This project is a snakemake workflow for processing .fastq.gz files and downstream analyses. The variant calling is primarily based on the GATK best practices for germline short variant discovery. Later analyses include pairwise relationship estimation and admixture.

NOTE This project is not meant for general use. Workflow rules are created as I need them for my particular research and rules are not always in a usable state. Feel free to create your own fork of this project for your own research needs, but don't expect everything to work out of the box.

Dependencies

conda is a package manager that can install many of the tools for this program. Once installed, use the below conda commands to obtain the required packages:

conda install mamba
mamba install -c bioconda snakemake
mamba install -c conda-forge biopython
mamba install -c anaconda pandas

Some will still have to be installed manually outside of conda. Depending on which part of the workflow is being used, the following may need to be installed as well and must be accessible through $PATH. The main one being gatk.

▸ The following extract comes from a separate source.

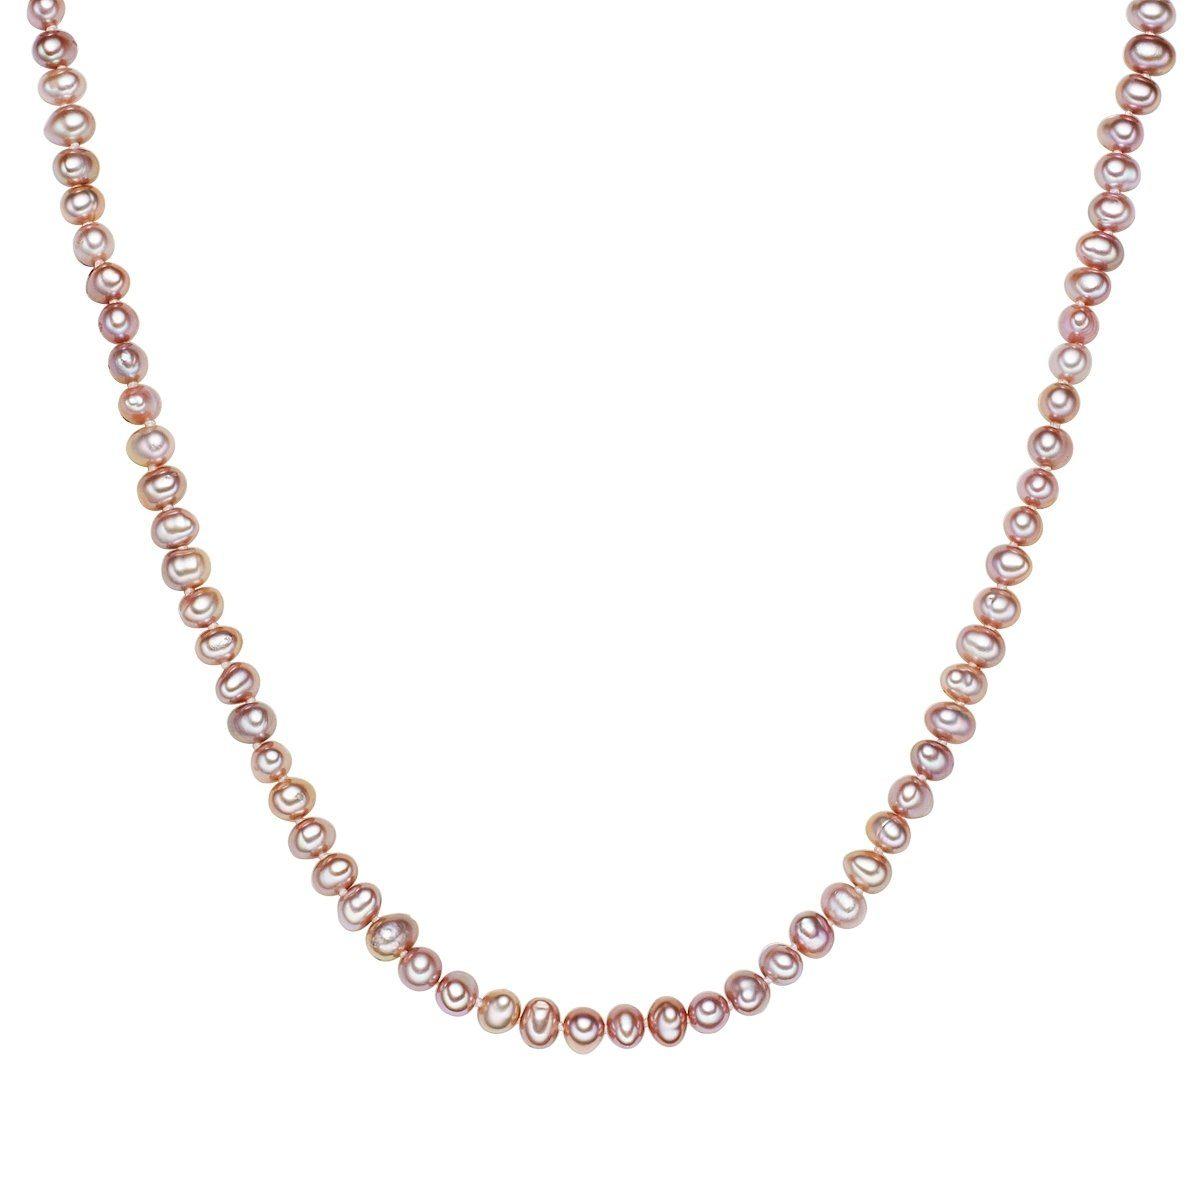 Valero Pearls Perlenkette A1007 | Schmuck > Halsketten > Perlenketten | Valero Pearls
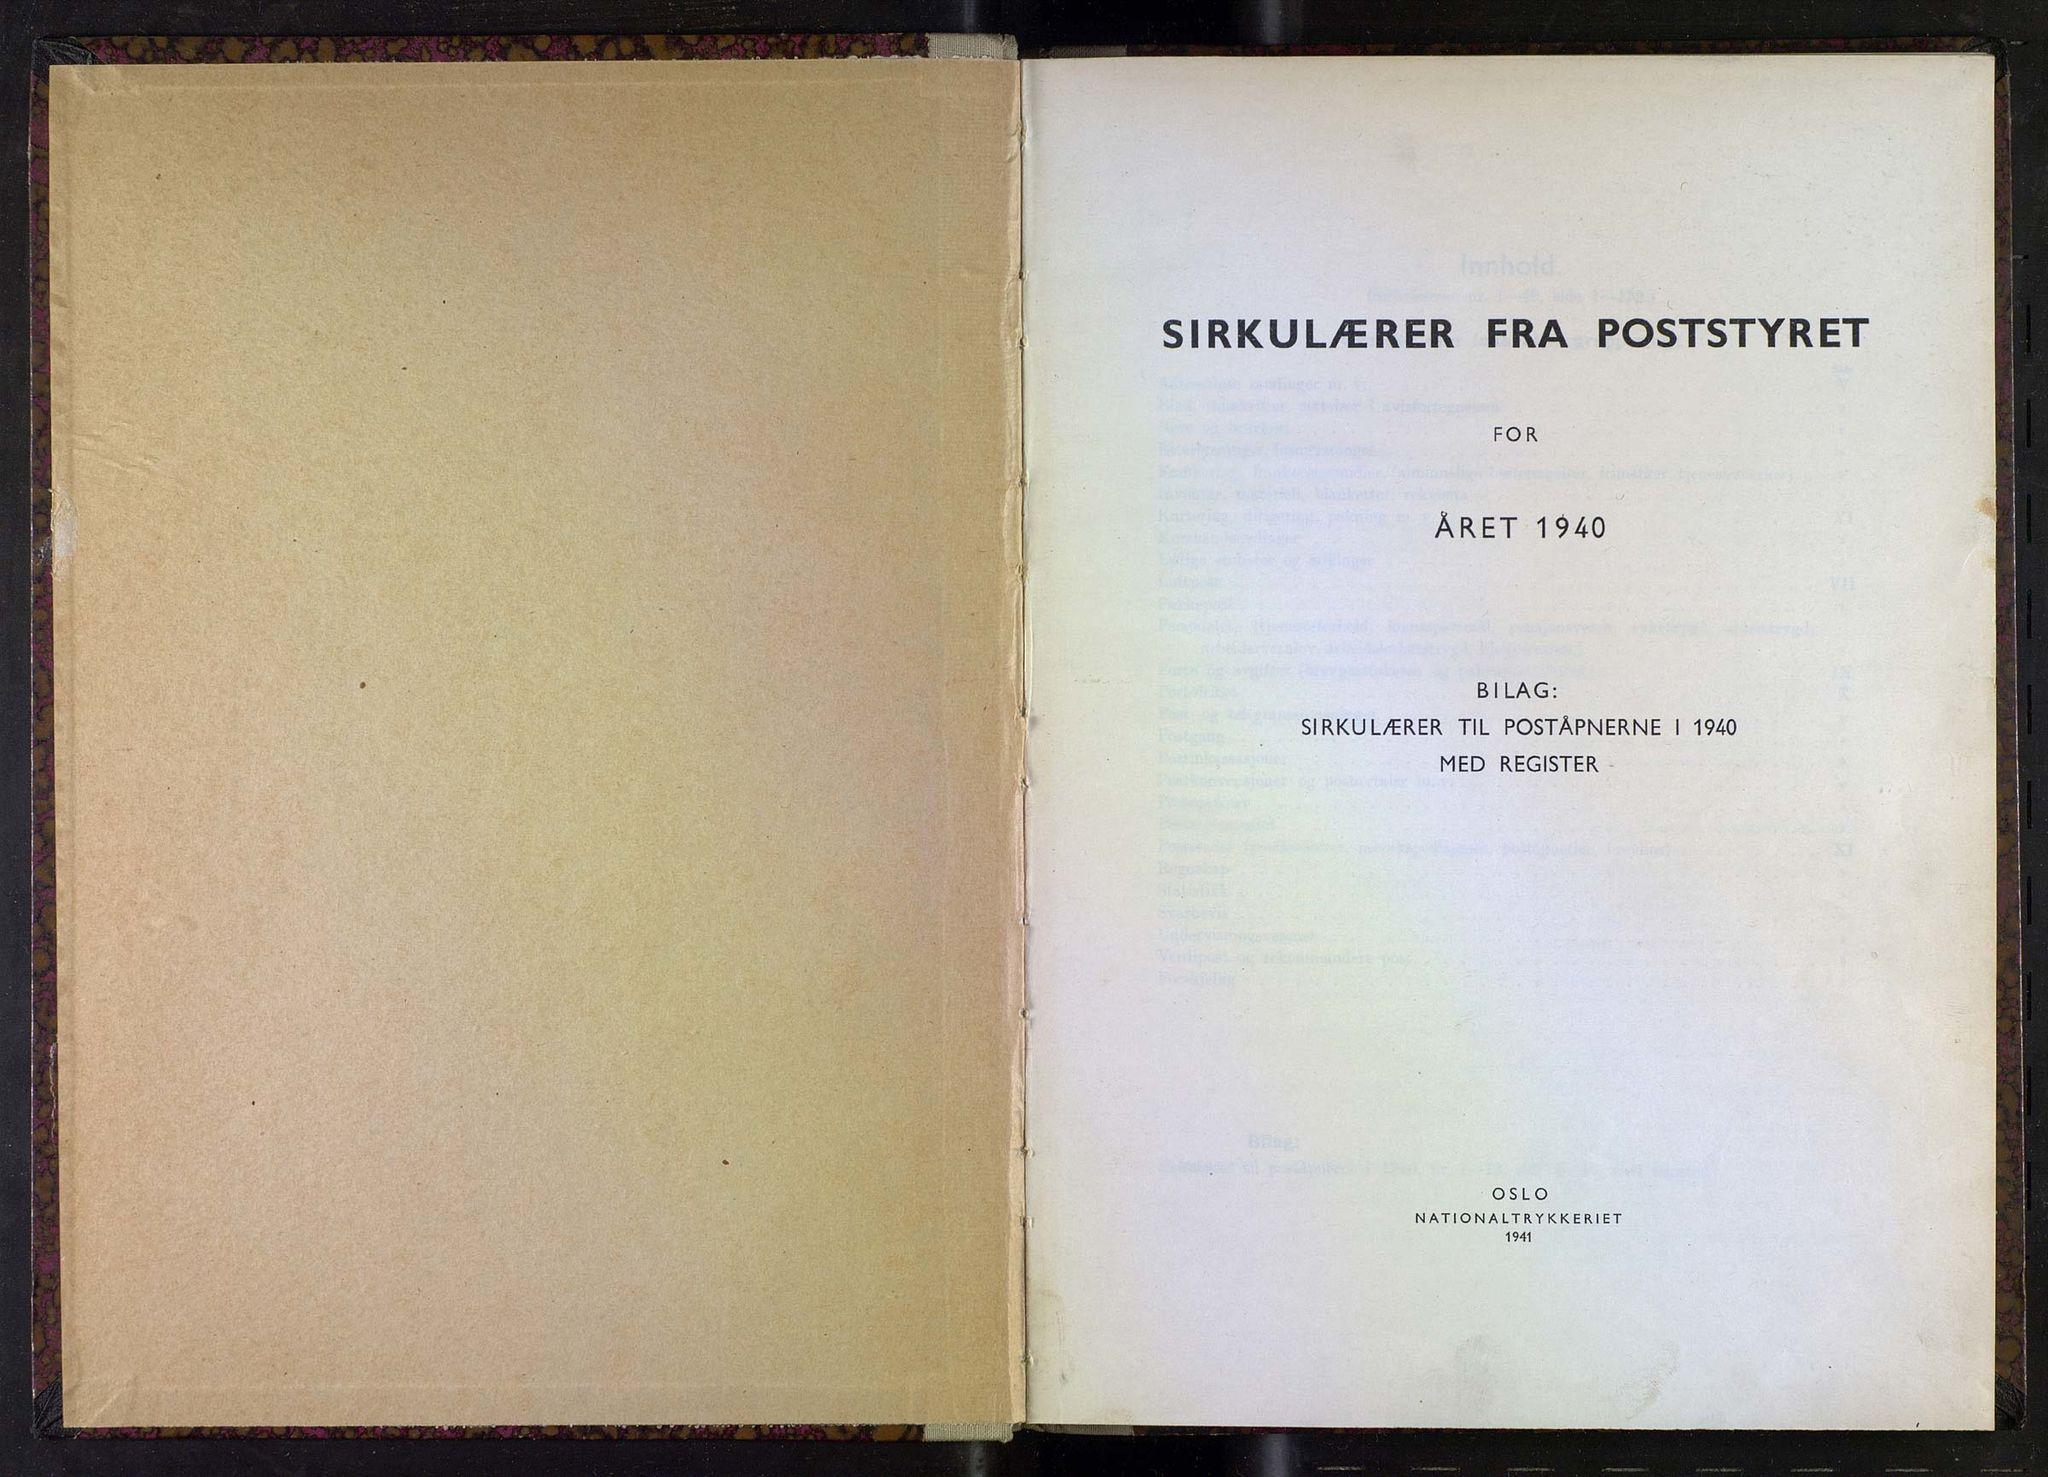 NOPO, Norges Postmuseums bibliotek, -/-: Sirkulærer fra Poststyret, 1940

Other necessary libraries have packages and versions stored in workflow/envs. These will be installed automatically in their own conda environment when running this snakemake pipeline.

Configuration

Configuration settings are set with a .py file inside the directory config. By default, the file template.py is active. This can be copied and renamed to create multiple config files for convenient testing with different datasets. The name of the desired config file for a particular run, however, should be set in workflow/Snakefile on the line that says from template import __dict__ as config. For example, say we create a new config rhesus.py. This file would then be imported by changing template in that line to rhesus.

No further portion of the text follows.